Musul’un Filistin topraklarıyla ne ilgisi var diyebilirsiniz. Mısır, Suriye ve Irak’tan oluşan doğal bir Kudüs hattı var. Bu hat hem savunmayı, hem kurtuluşu içine alıyor. Dikkat ederseniz, Kudüs konusunda en cılız sesler buralardan çıktı. Çünkü bu hattı tamamen çökerttiler.
Coğrafyamızın temel sorunlarından biri de istikrardır. Siyasî, iktisadî ve fikrî sabitlikten çoğunlukla yoksunuz. İktidara gelenlere göre değişen bir durum söz konusu. Bazı ülkelerin adeta istikrarsızlık üzerine kurulduğunu da unutmayalım.
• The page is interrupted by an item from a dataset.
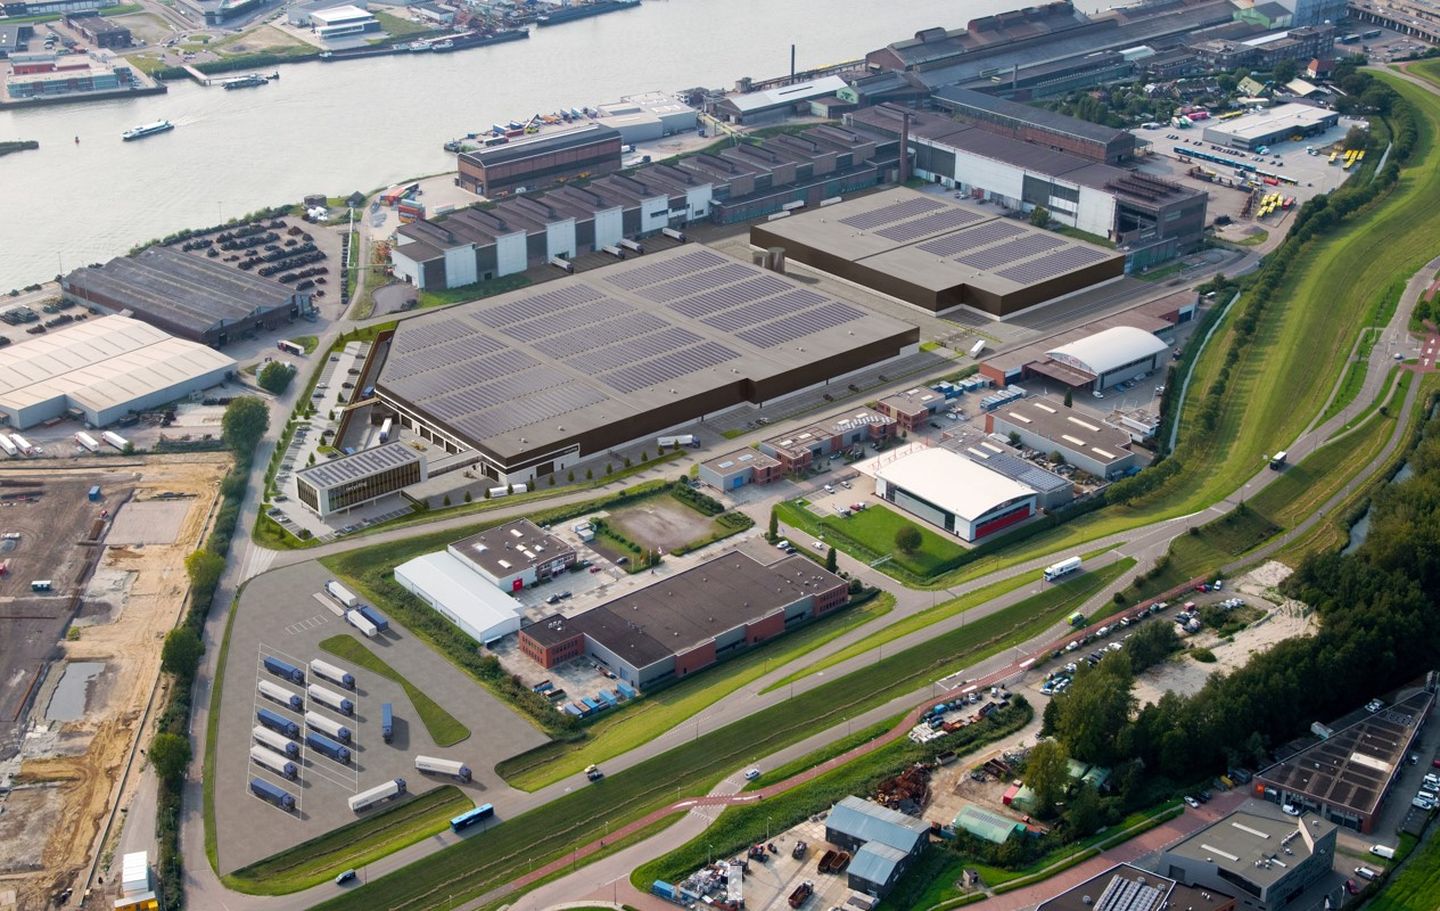 Artist's impression showing an aerial view of Peute Group's planned new site at the terminal of Rotterdam East in Alblasserdam

Sibel Eraslan, Kudüs’e giden yolun güçlü devlet ve güçlü ordudan geçtiğini söylüyor. Adalet ve özgürlük için bu şart. Salâheddîn Eyyûbî’nin başarısının sırrı da öncelikle burada. (İtibar, sayı 76.) Şimdi biz, Kudüs’ü savunmaya İsrail’den vize alarak gidiyoruz.
***
İstanbul Zirvesi vesilesiyle bir kez daha gördük. Müslümanlar arasındaki siyasî birliği sağlayacak yegâne güç Türkiye’dir.
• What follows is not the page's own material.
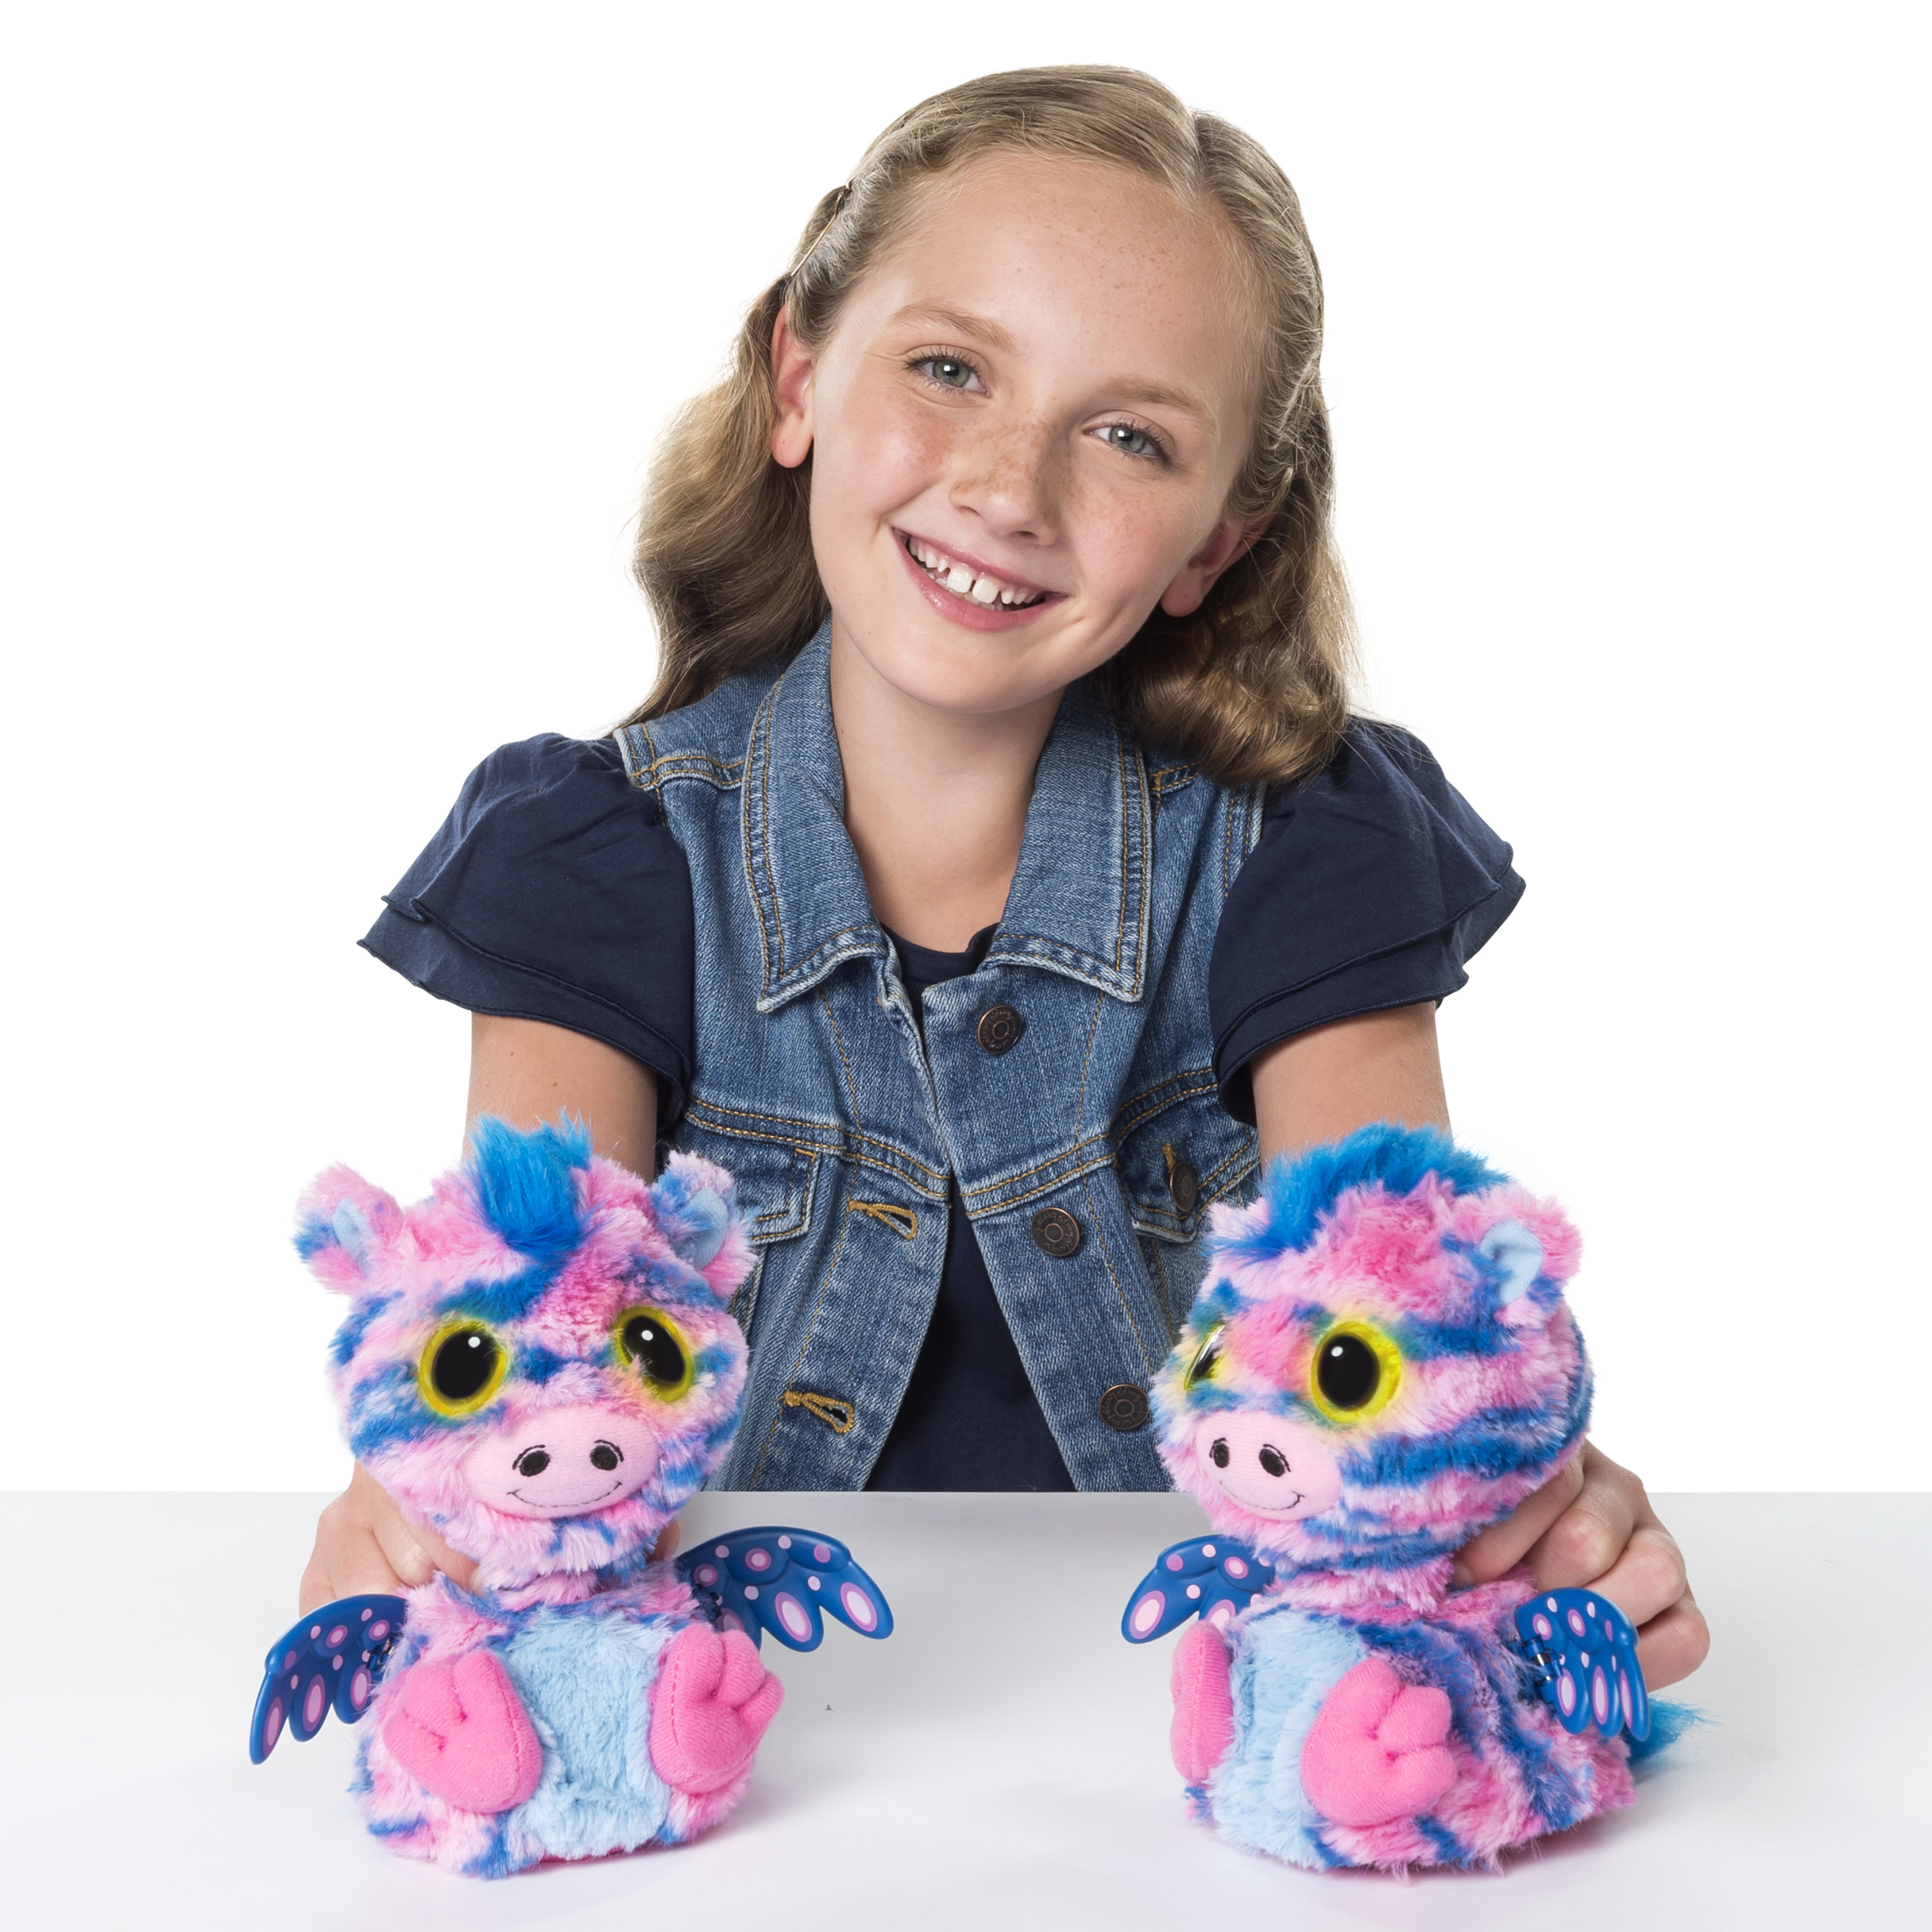 Hatchimals Surprise ? Zuffin ? Hatching Egg with Surprise Twin Interactive Hatchimal Creatures and Bracelet Accessory by Spin Master, Available Exclusively at Walmart - image 5 of 8

Öyle anlaşılıyor ki çatlak sesler çıkmaya devam edecek. Osmanlı devletinin sömürgeci olduğunu söyleyenler oluyor ve olacak. “Kahve Yemen’den gelir.” Başka?
***
Mesela Halep ve Rakka’yı hatırladık. Bu şehirlerin Antep ve Urfa’nın kayıp kardeşleri olduğunu öğrendik. Hep yenilmediğimizi, başka zaferlerimizin ve kahramanlarımızın da olduğunu hatırladık. Enver Paşa’nın emriyle kurulan Kafkas İslâm Ordusu’nu ve Nuri Paşa’yı hatırladık. Gazze ve Nablus’da nasıl direndiğimizi hatırladık. Kudüs vesilesiyle hem Filistin topraklarını, hem dirayetimizi hatırladık. Sudan ve Somali gibi uzakta kalan kardeşlerimizi hatırladık. Balkanlardaki ecdad yadigârı emanetleri hatırladık. Birmanya’ya kadar unutumuş şehitliklerimizi hatırladık. Edirne Savunması’nı ve Müstahkem Mevkii Komutanı Şükrü Paşa’yı hatırladık. Çatalca Savunması’nın ve Mahmut Muhtar Paşa’nın neye karşılık geldiğini hatırladık. Bu savaşın tek eksiği, cumhuriyet'i kuran tepe kadrodan herhangi birinin orada bulunmayışı…
Daha da ileri gidersek, gâvura niye öyle denildiğini anladık ve hatırladık. Kuzey Kore ile önkoşulsuz masaya oturmaya hazır olduklarını ilân edenler, bu anlayışın yüzde birini bile Müslümanlar'a göstermiyorlar.
Kudüs davası bu uyanışın neresinde duruyor? Filistin topraklarında kırk yedi şehitliğimizin olduğunu biliyor muyuz?